Una doccia fredda per la famiglia di Sinigo. Infatti, ormai lo si constata ogni giorno, trovare un appartamento in locazione a prezzi abbordabili in città, in particolare per chi ha un reddito medio è diventata una impresa da titani. Ancora più difficile per le coppie con figli piccoli, molto spesso mal gradite dai condomini o dai locatori per via del fatto che in questi casi è più difficile procedere con uno sfratto in caso di morosità. Nel caso di Marfisi, lo sfratto esecutivo invece è arrivato puntuale, dopo diversi mesi di morosità, per ora con una dilazione fino al 16 maggio prossimo quando la sua famiglia dovrà lasciare l'alloggio di via Nazionale a Sinigo.

Spiega Marfisi: «Prima del Covid lavoravo nella hotelerie, come mio suocero, poi siamo stati licenziati entrambi per via de Covid ma se io ho trovato un posto come sanificatore a mio suocero è andata peggio, perché nessuno assume un quasi pensionato, oggigiorno», esordisce Marfisi ricordando il periodo nelle terapie intensive a fianco dei medici: «Due anni bardato con mille dispositivi, turni massacranti anche di oltre 12 ore, quindi arrivavo a casa distrutto con la paura di passare il Covid a mia moglie. Quindi, dalla scadenza del contratto, per riconoscenza nessuno della Azienda sanitaria si è fatto vivo, anche quando ho chiesto di ricevere la mia liquidazione che ancora attendo da oltre un anno», spiega l'uomo.

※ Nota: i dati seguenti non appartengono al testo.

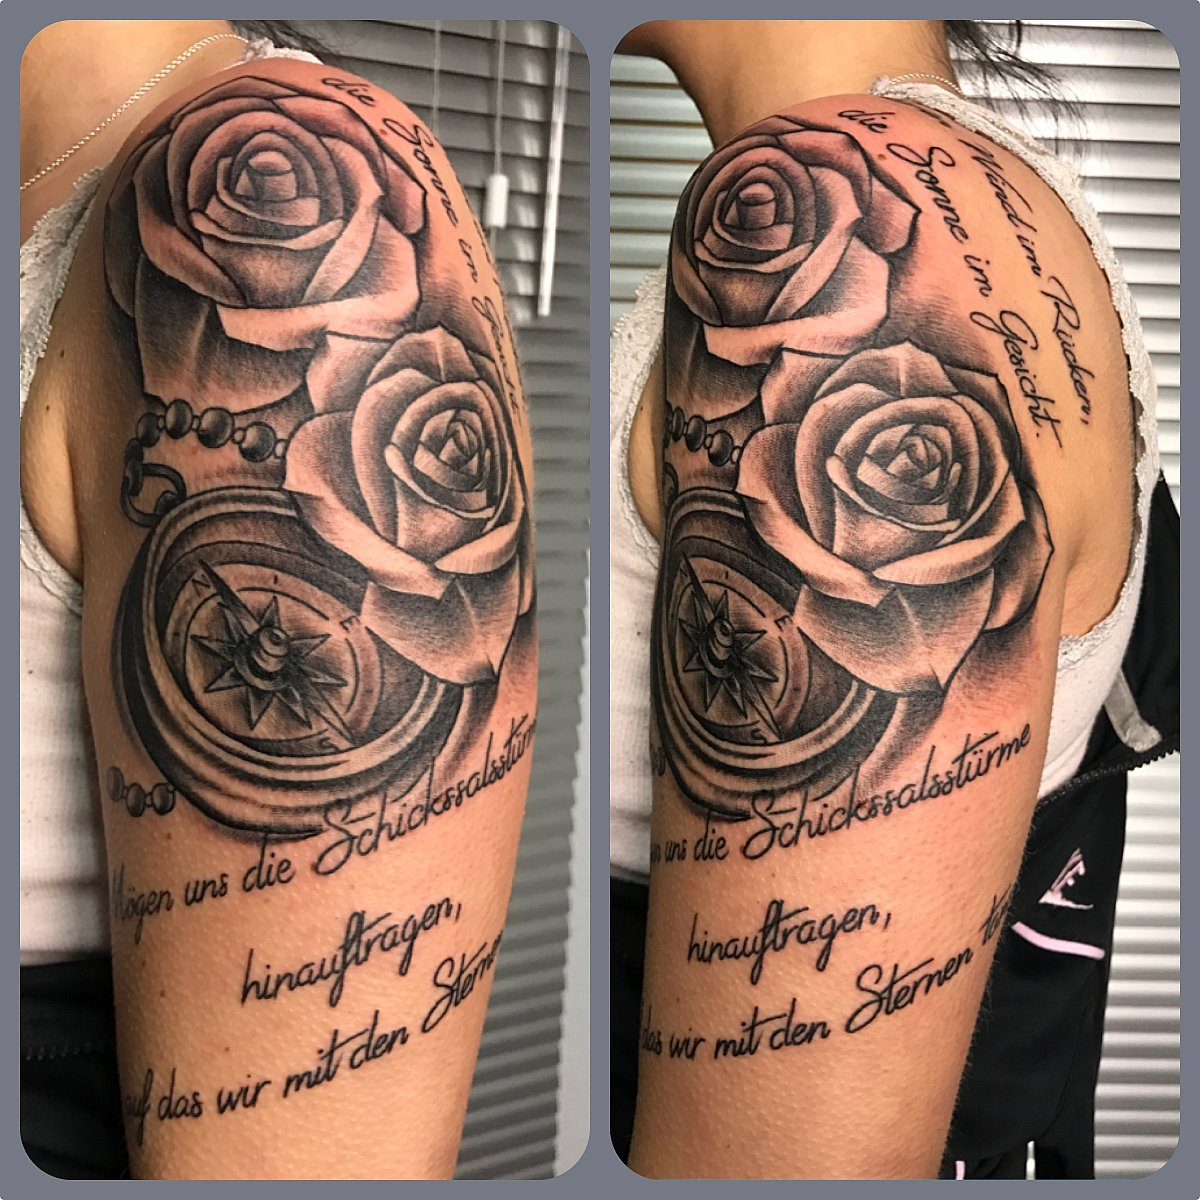 Tattoo studio speyer
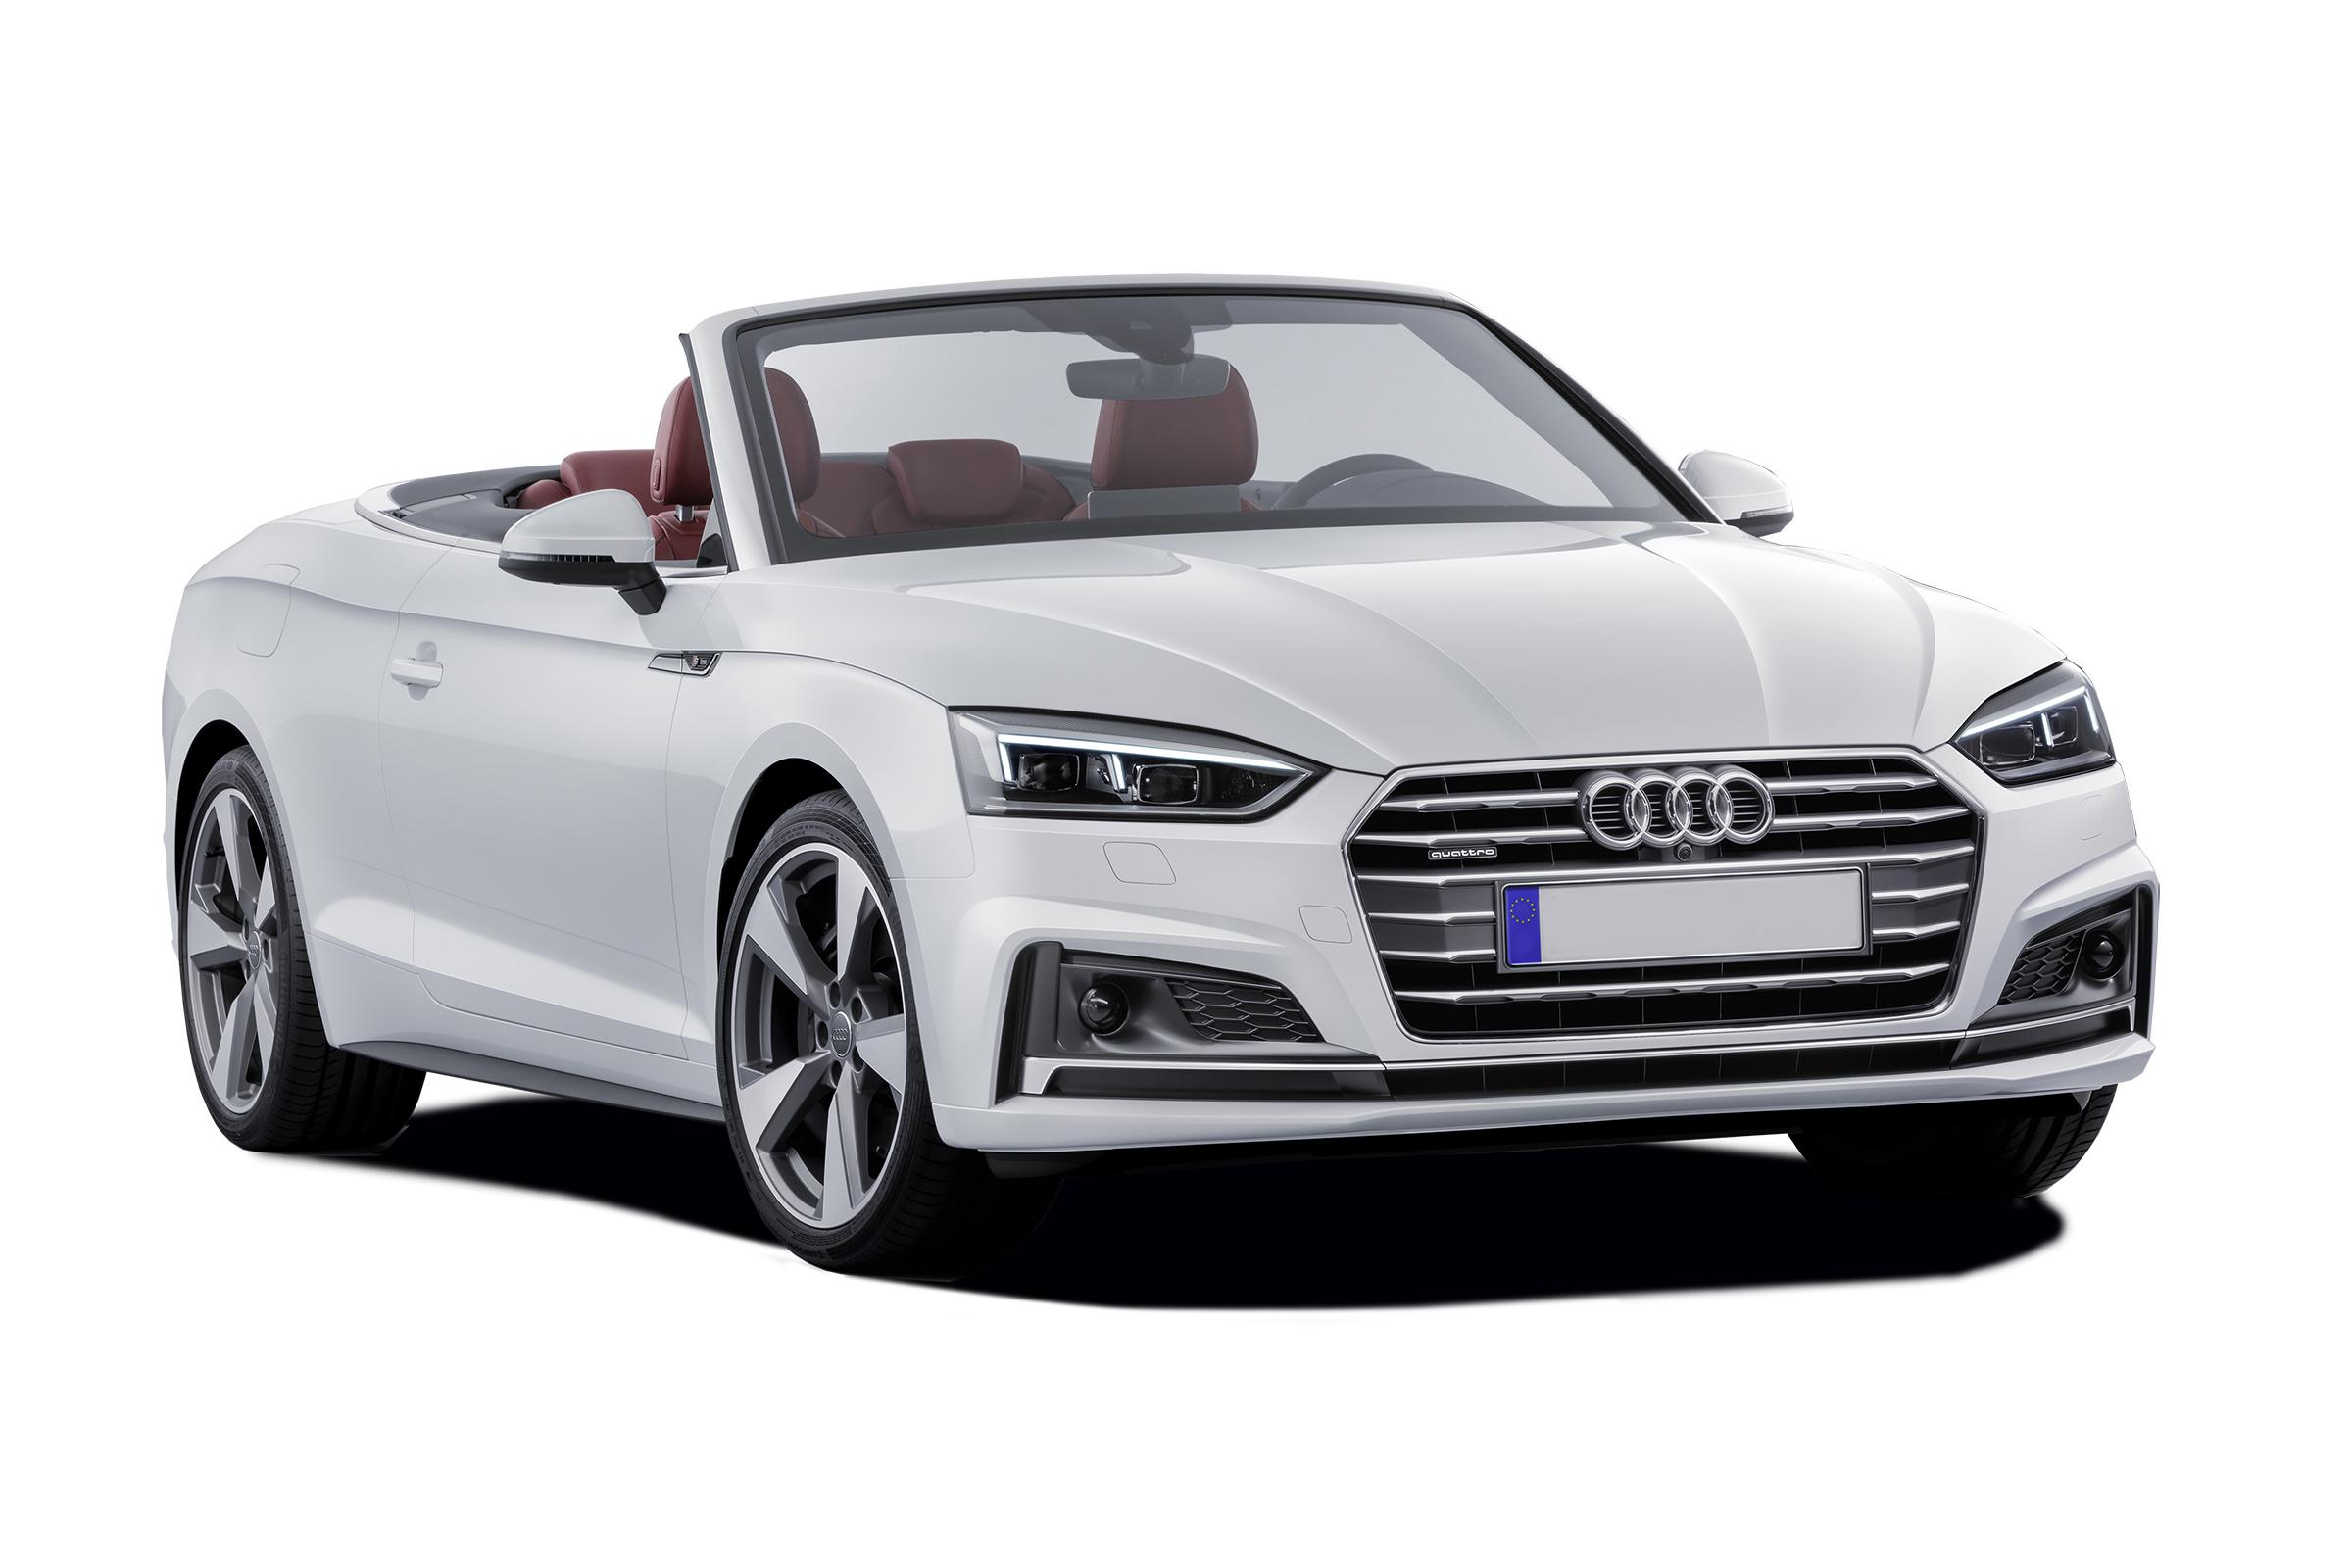 Audi A5 Cabriolet 2020 Review Carbuyer

Come detto sono due i figli minori della coppia. Uno di un anno e uno di cinque che ci apre la porta accompagnandoci per mano in tutta la casa. Un appartamento sulla via Nazionale a dir poco fatiscente e pieno di muffa maleodorante. «I proprietari dell'appartamento dove alloggiamo sono deceduti e a loro sono succeduti i nipoti che vogliono vendere. Ci hanno dato un ultimatum: o compriamo oppure ce ne dobbiamo andare, ma noi i soldi per acquistare non li troviamo da nessuna parte, soprattutto perché in famiglia lavoro solo io», chiosa l'uomo che aggiunge: «Eravamo tranquilli, al primo posto nella graduatori Ipes ma, dopo un riconteggio, per 148 euro siamo stati esclusi. Semplicemente ci hanno detto di ripresentare domanda, nonostante la nostra situazione. Ci siamo rivolti anche a un legale noto in città ma ci ha sconsigliato di fare ricorso, perché lo avremmo perso», precisa Marfisi spiegando di essersi rivolto anche in Comune e anche qui non è arrivata alcuna risposta. «Siamo persone per bene, speriamo che qualcuno ci aiuti ad uscire da questa situazione».